Die Haltung der baskischen Linken zum bewaffneten ETA-Kampf vergleicht er mit der Position der irischen Sinn Féin und von Nelson Mandela zur politischen Gewalt. Im Falle eines neuerlichen ETA-Anschlags, den Otegi für äußerst unwahrscheinlich hält, rechne er mit einer Ablehnung durch Batasuna, da diese sich zur Gewaltlosigkeit aller Seiten bekannt habe. Er sei der Meinung, daß die ETA bereit ist, an einer friedlichen Lösung auf der vorbereiteten Basis mitzuarbeiten.
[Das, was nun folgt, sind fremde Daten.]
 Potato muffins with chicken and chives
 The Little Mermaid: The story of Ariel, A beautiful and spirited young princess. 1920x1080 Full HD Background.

»Es gibt keinen anderen Weg zur Unabhängigkeit als den über friedliche und demokratische Wege«, macht Otegi deutlich, der Batasuna bei Verhandlungen während des Friedensprozesses 2006/2007 vertreten hatte. Damals hätten sowohl die spanische Regierung unter José Luis Rodríguez Zapatero als auch die ETA zum Scheitern beigetragen, weil sie meinten, sie könnten mittels Repression oder Drohungen den jeweils anderen zum Einlenken bewegen.

Otegi sieht keine Gefahr für die Existenz seiner Partei, wenn diese nicht zu den Wahlen 2011 zugelassen würde. »Die baskische Linke hat ihre Positionen nicht erneuert, weil sie an die nächsten Wahlen, sondern weil sie an die kommenden Generationen denkt«, erklärte der Politiker. Zu seiner eigenen Zukunft sagte er: »Ich werde auf der Bank der Mehrheitsfraktion - die der linken Unabhängigkeitsbewegung - im Parlament Platz nehmen.« Für November erwartet Otegi, der seit einem Jahr inhaftiert ist, seinen nächsten Prozeß wegen Betätigung für Batasuna.